> **ACTION ITEM**: Once you find the line below that has "Євробачення-2017: скільки коштувало", output it and every line after it exactly, stopping after the line that has "(租)300至4000平米可分 高新产业园区 有房本-图2", with no pictures.

BEGIN INFORMATION

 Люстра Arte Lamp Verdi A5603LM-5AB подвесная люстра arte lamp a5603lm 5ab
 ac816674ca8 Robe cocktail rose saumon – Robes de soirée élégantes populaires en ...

END INFORMATION
BEGIN INFORMATION

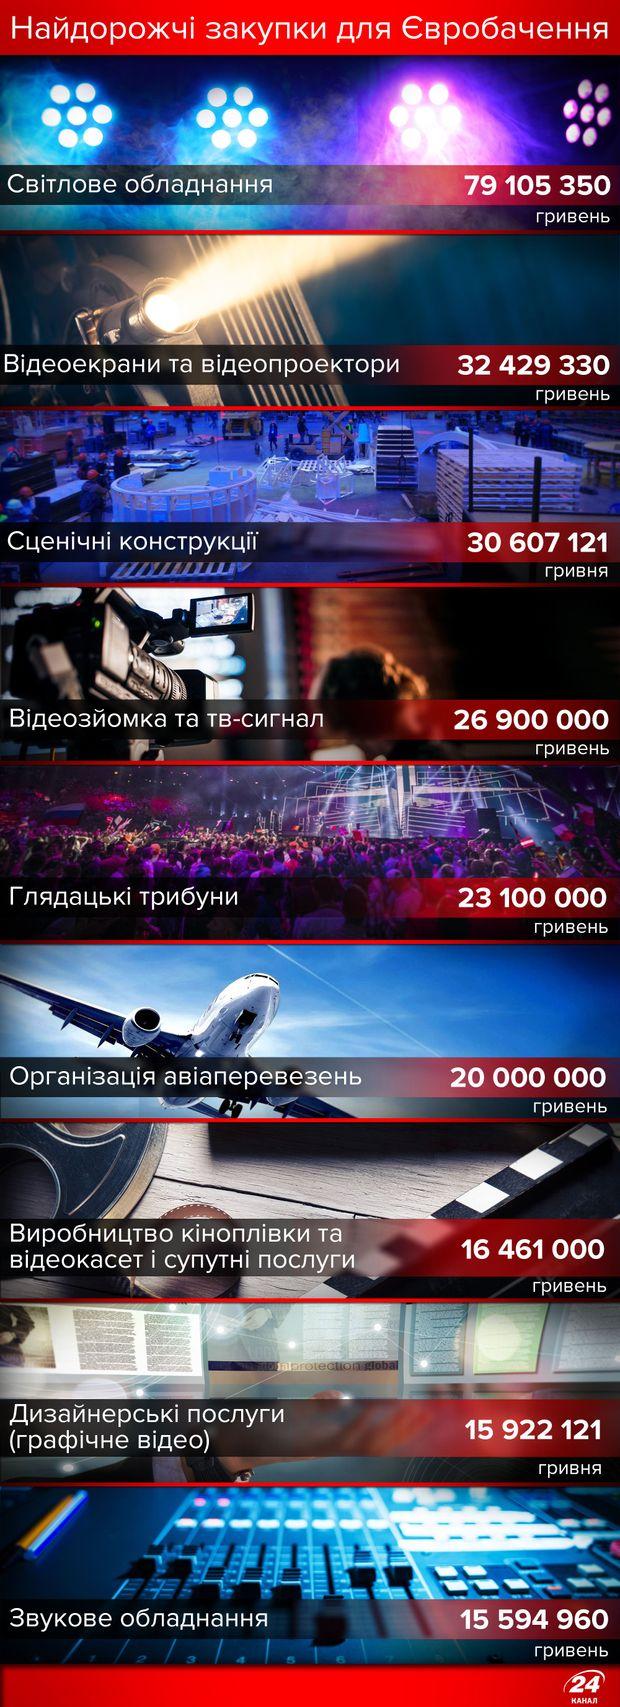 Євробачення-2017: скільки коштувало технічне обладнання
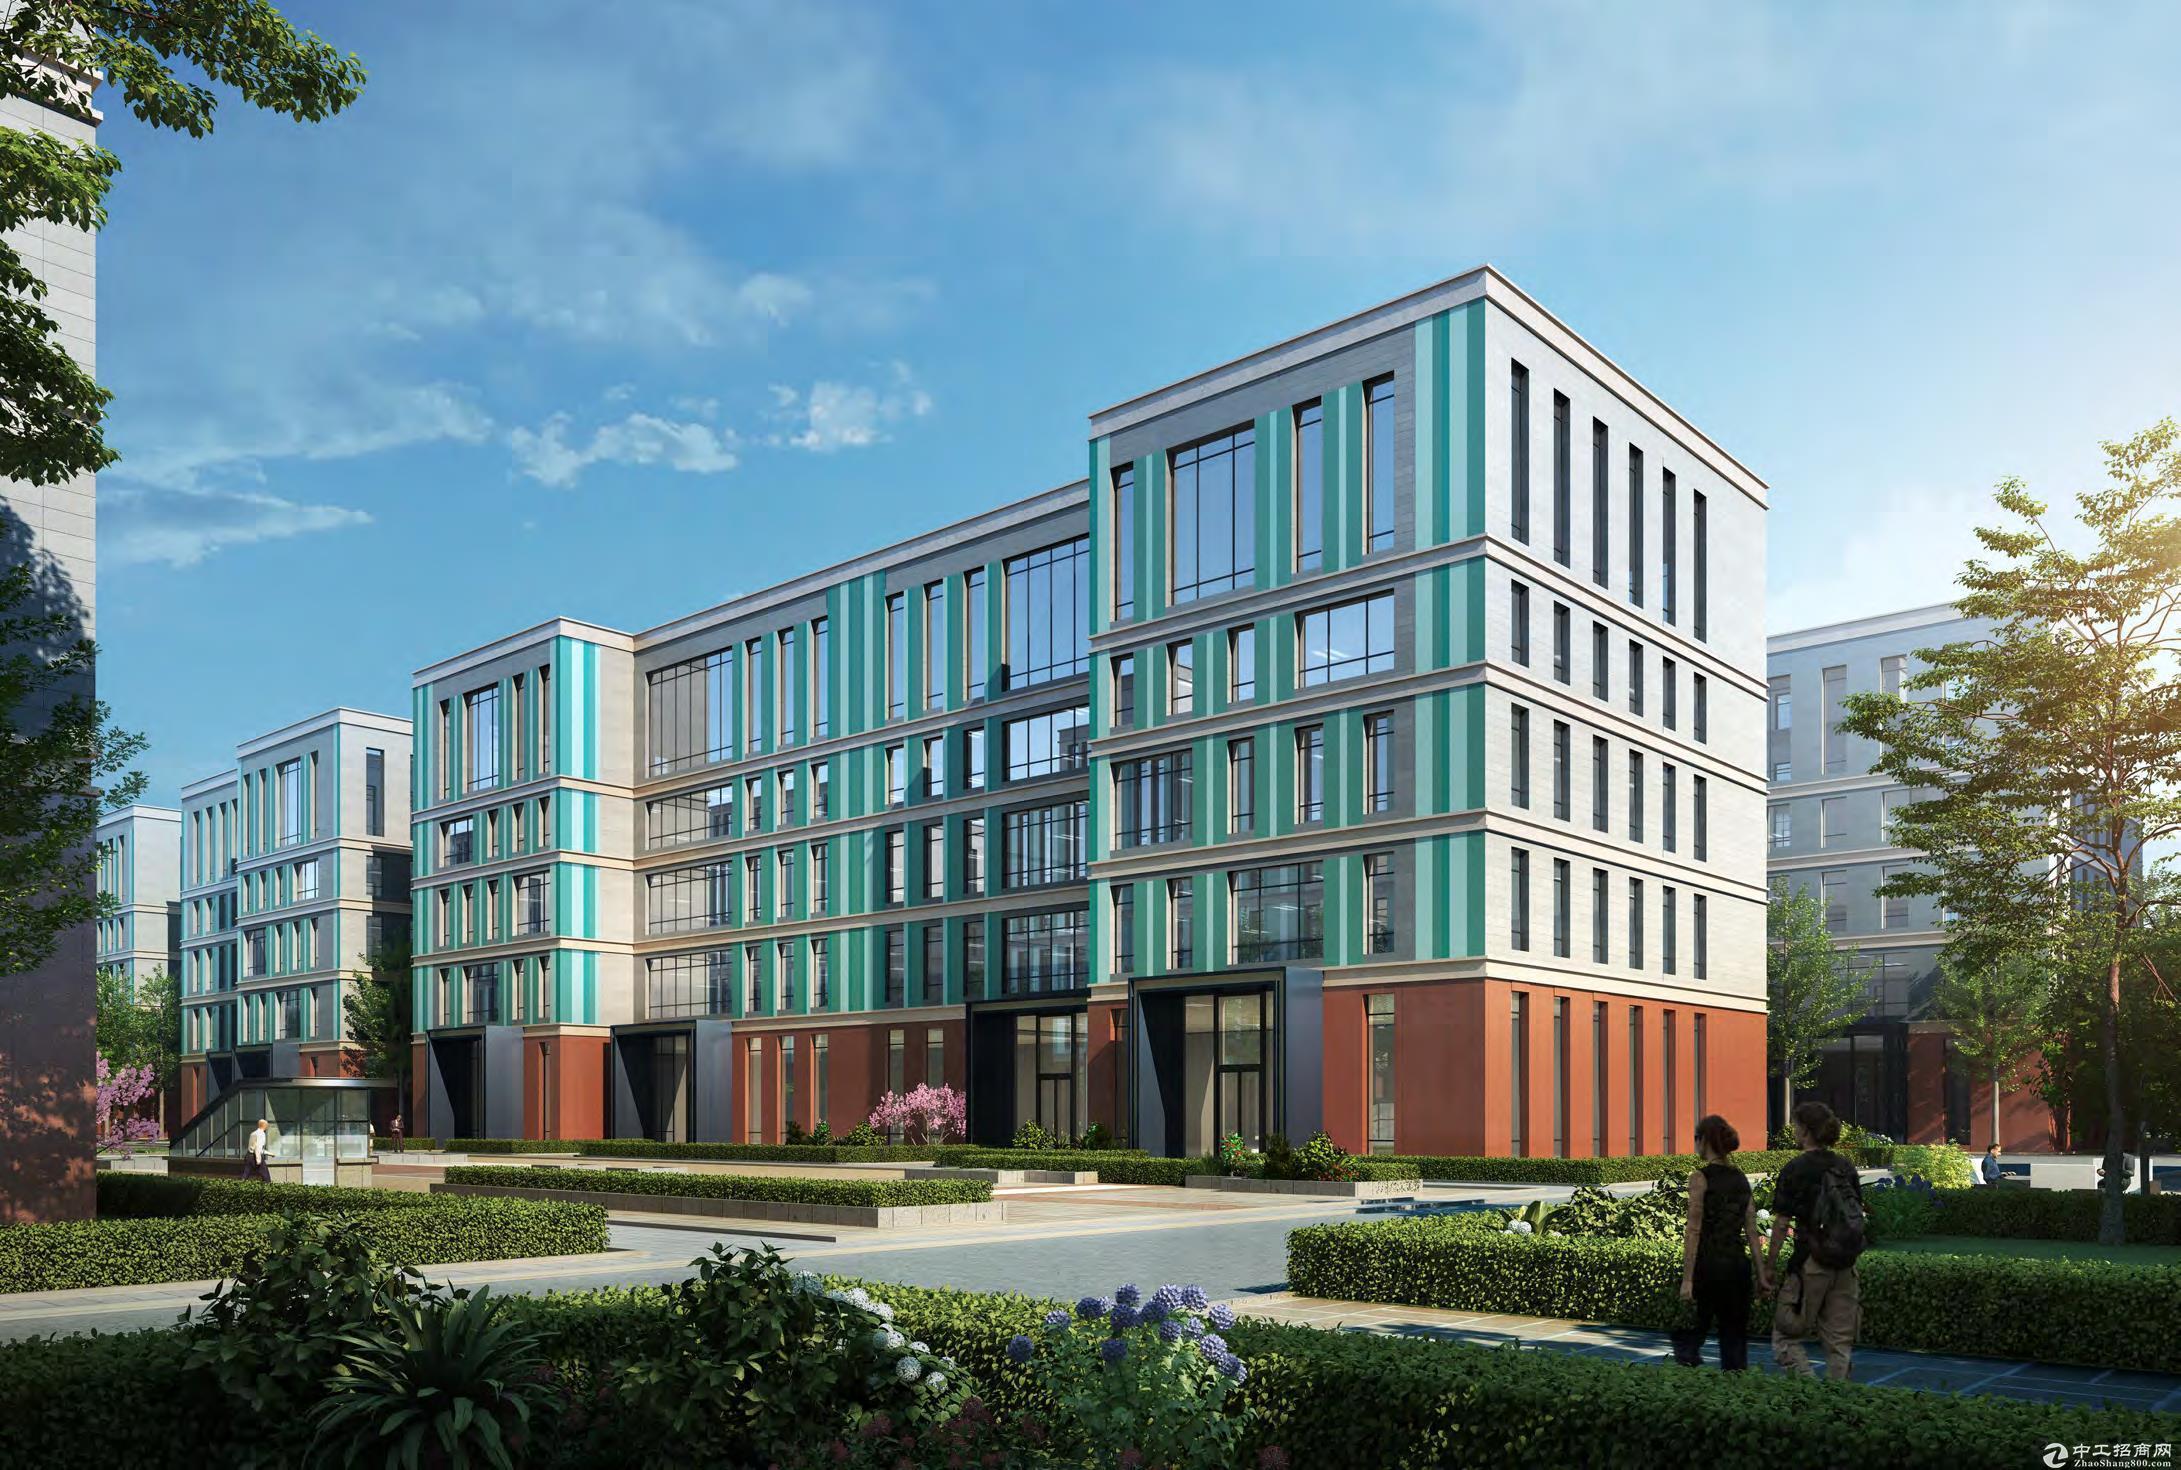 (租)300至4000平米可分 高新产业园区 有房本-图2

END INFORMATION

> **PROBLEM SOLUTION**:
 Євробачення-2017: скільки коштувало технічне обладнання
 (租)300至4000平米可分 高新产业园区 有房本-图2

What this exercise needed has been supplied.